**WHAT TO WORK ON:**
Only the stretch of the listing below that runs from the line with "509 Kingpin Goggle" through the line with "schulte alexa style" is to be printed, exactly and with both ends.

**RECORDS TO USE:**
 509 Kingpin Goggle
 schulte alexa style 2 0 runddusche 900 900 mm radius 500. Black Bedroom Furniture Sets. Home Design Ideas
---
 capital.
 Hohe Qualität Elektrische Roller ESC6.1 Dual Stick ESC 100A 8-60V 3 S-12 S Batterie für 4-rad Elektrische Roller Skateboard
...
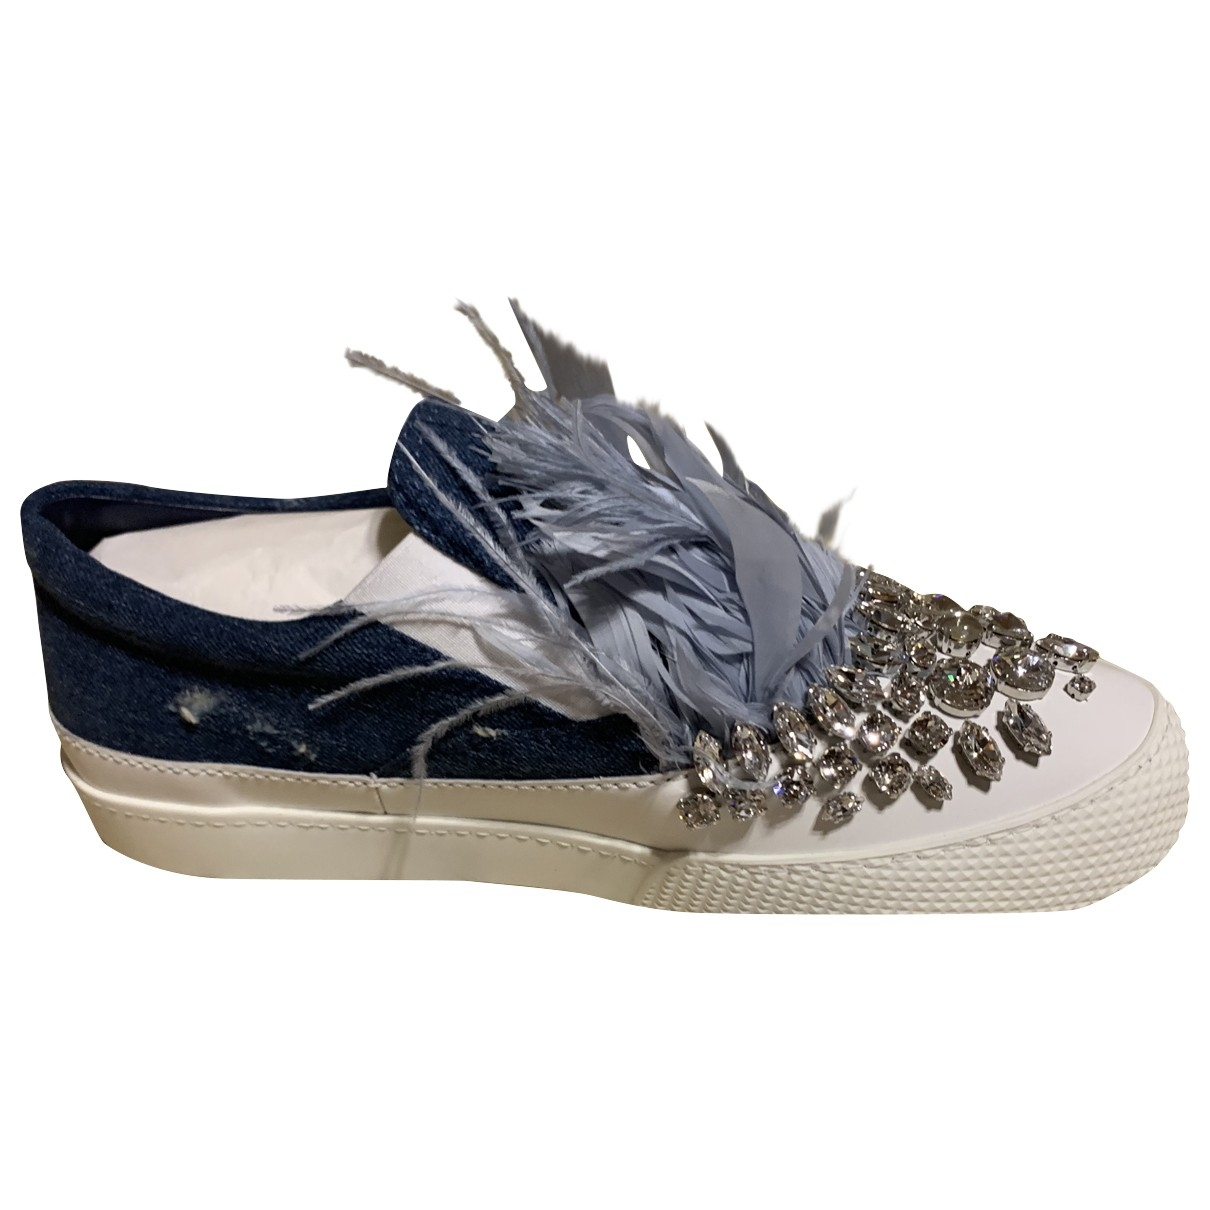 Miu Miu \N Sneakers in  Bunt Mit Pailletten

**TASK ANSWER:**
 509 Kingpin Goggle
 schulte alexa style 2 0 runddusche 900 900 mm radius 500. Black Bedroom Furniture Sets. Home Design Ideas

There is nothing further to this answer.